Только пальцами коснулся её, как Лёха резко схватил и, открыв, быстро пробежался по справкам.
– А где можно найти Елену Николаевну? – спрашивает друг, пока я сверлю его глазами в ожидании.
– Да кто ж знает, – пожимает плечами женщина и отводит взгляд.
– Уверен, вы знаете. Вы ведь глаза и уши этой больницы, – полушёпотом говорит Лёха, и снова на его лице появляется улыбка, от которой женщины краснеют.
– Ой, скажите тоже, – смущённо улыбается. – Она уволилась пару лет назад. Говорят, она какое-то наследство получила и приобрела дом в престижном посёлке, – заговорщицки проговаривает. – Но ходили слухи, что никакого наследства не было, и она охмурила богатого старика. Ходил к ней тут один, статный такой, дорого одетый, – мечтательно описывает того несчастного.
Могу предположить, что этот старик мой отец, и наследство это она получила за то, что объявила моего сына мёртвым.
– Адрес не подскажите? – продолжает друг.
– Точно не знаю, но название посёлка скажу, – обрадовала своим ответом.
Получив название посёлка, мы с Лёхой направились сразу туда. Я уже в предвкушении, что осталось не так долго, и я увижу нашего сына. Сомнений нет, что эта дамочка нам всё расскажет, я настроен серьёзнее некуда, и из её дома без всей информации я не уйду.
Найти посёлок и сам дом большого труда не составило, всё же друг у меня в органах работает. А вот разговорить Елену Николаевну оказалось труднее. Женщина упиралась до последнего, до моего последнего слова.

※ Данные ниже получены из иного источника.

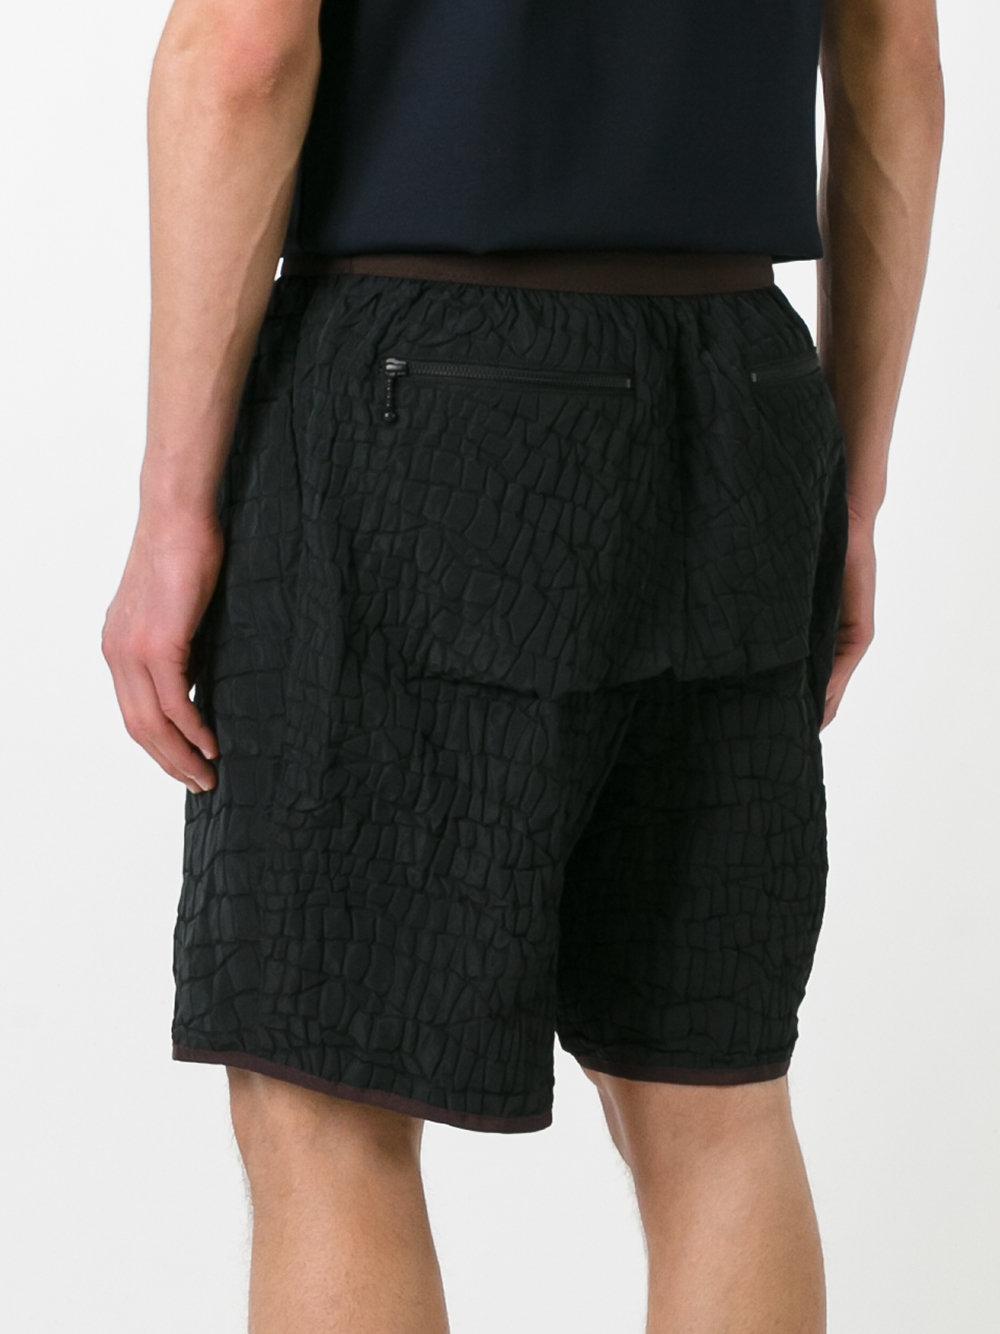 Lyst - Kolor Crocodile Embossed Effect Shorts in Black for Men

– Денег ты больше не увидишь, он при смерти, и переводы больше не поступят, – шиплю я, нависая над ней.
Она не испугалась угроз привлечь её к ответственности перед судом, которым так раскидывался Лёха. Женщина не дура и понимает, что доказать нам её вину не удастся, да и наверняка подстраховалась, заметая все следы, ведущие к ней. А вот лишиться регулярных выплат она испугалась.

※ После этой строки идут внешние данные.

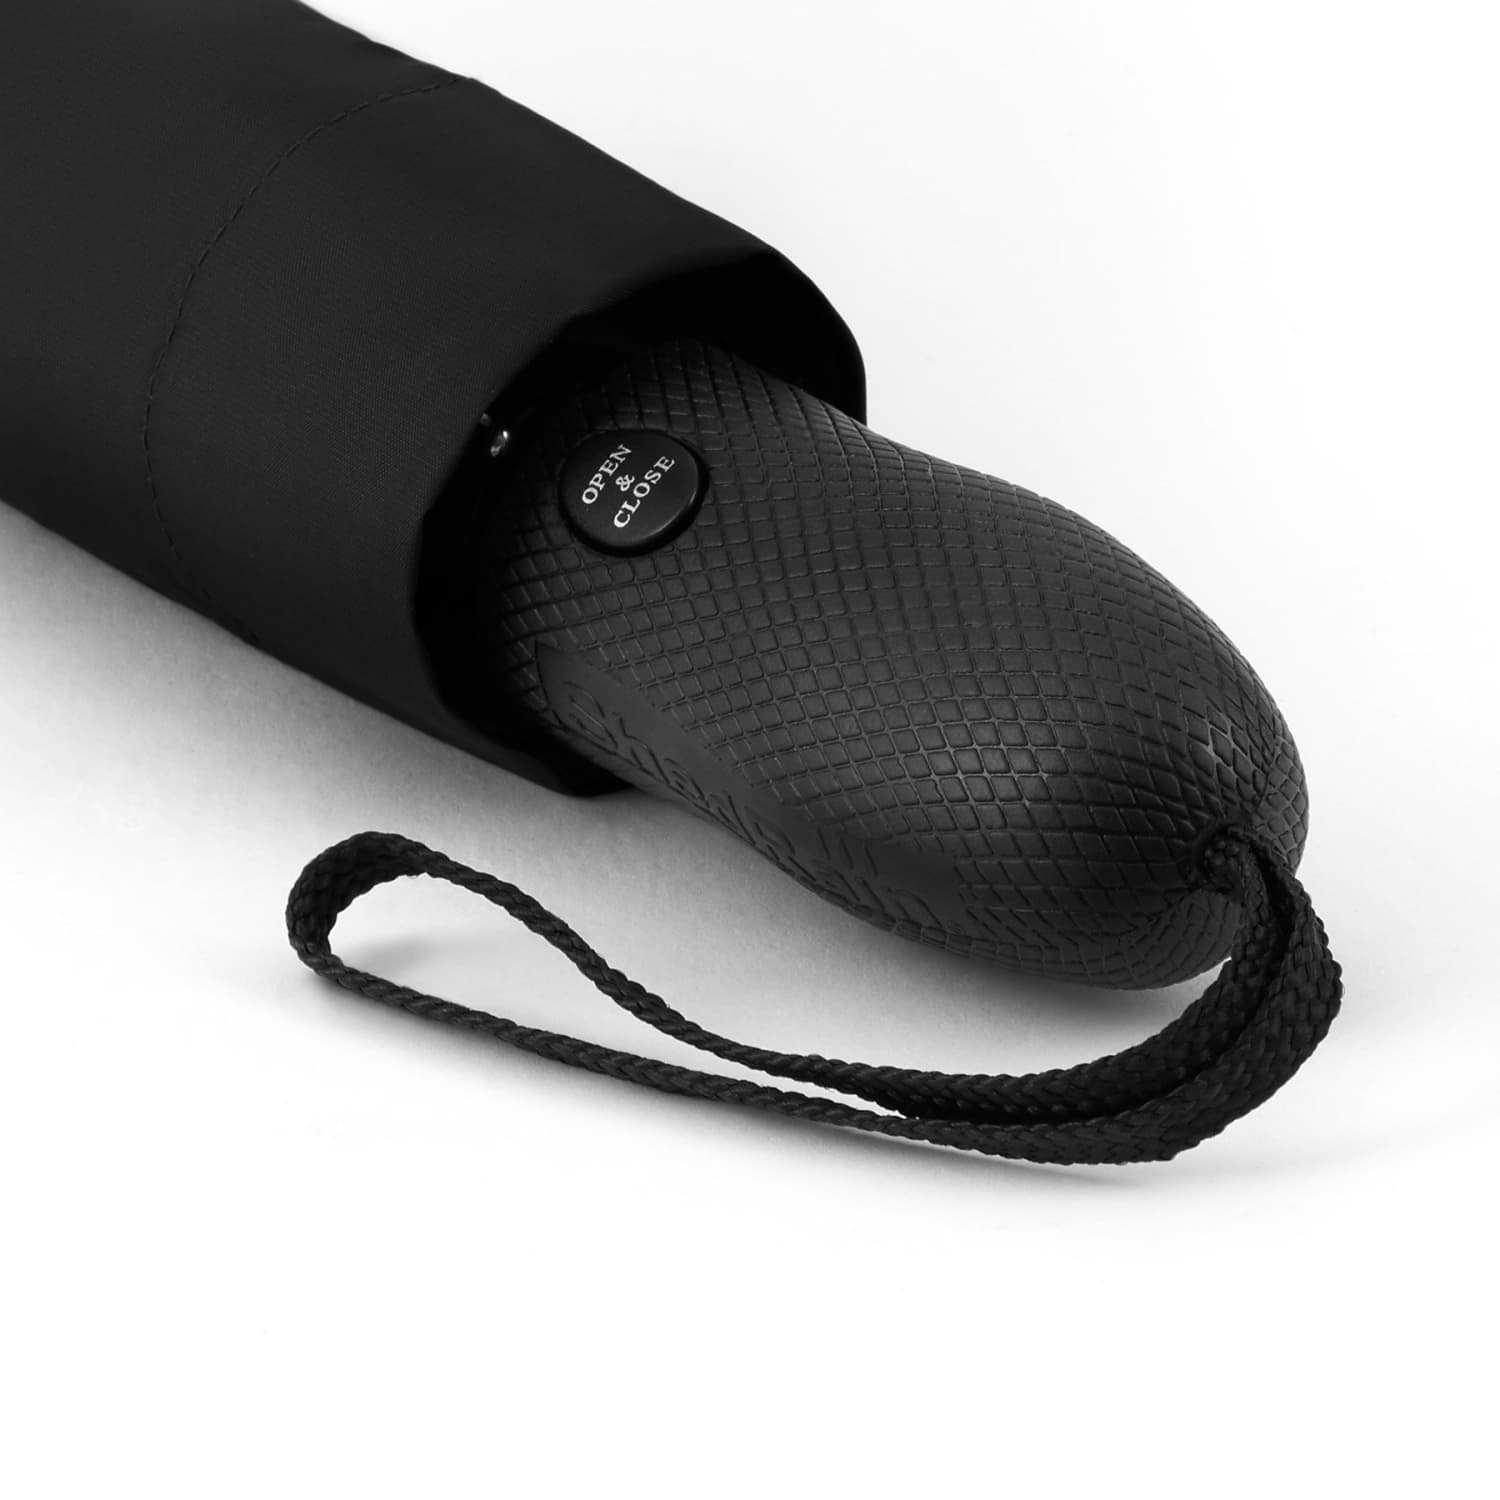 ShedRain Windjammer Umbrella black handle with auto open close button

По дороге сюда я позвонил своему бухгалтеру, приказав выяснить всё о счетах отца и докладывать мне незамедлительно. Я и не сомневался, что он до сих пор переводит деньги этой суке за её молчание. Иначе содержать дом в таком посёлке, не имея постоянного рабочего места, а, собственно, и дохода – невозможно. Да и в таких случаях люди, почувствовав власть, будут тянуть со своих жертв деньги до последнего вздоха.
Естественно, мои догадки оправдались, и с одного из счётов отца через подставные фирмы идёт ежемесячный перевод на счёт Елены Николаевны. После его смерти всё его состояние перейдёт ко мне, а значит, и выплаты прекратятся.
– Козёл старый, – тихо ругается женщина и отворачивается. – Не знаю я ничего…
– Хватит в уши мне заливать! – рычу, схватив её за шиворот. – Иначе он выйдет, – киваю на стоящего рядом друга. – Я газ открою и взорву дом вместе с тобой и со мной. Мне терять нечего уже, – на полном серьёзе заявляю я.
Лёха молчит, может думает, что блефую, а может и не сомневается в моих словах. И не был бы он в прошлом тем ещё отморозком, притормозил бы меня. Но в органы он пришёл из незаконной группировки по своим причинам и, поняв, что быть по эту сторону ему выгодно, так и остался, помогая старым друзьям вроде меня. Как он это провернул, я не знаю, да и знать не хочу.
– Ладно, – поняв, что я не шучу, женщина сдаётся. – Ребёнка я лично увезла, чтобы наверняка, – прочистив горло, проговаривает она. – Он был слаб, мог не выжить, а я дала клятву… – её прерывает моя нервная усмешка. – Я продержала его в нашей больнице, пока мальчик не окреп, а после отвезла в дом малютки в двести километров от города. Что было с ним дальше, я не знаю, не интересовалась. Но оттуда детей распределяют по детским домам. Так что я понятие не имею, где он, – откинувшись на спинку стула, она смотрит на нас с гордо вскинутой головой.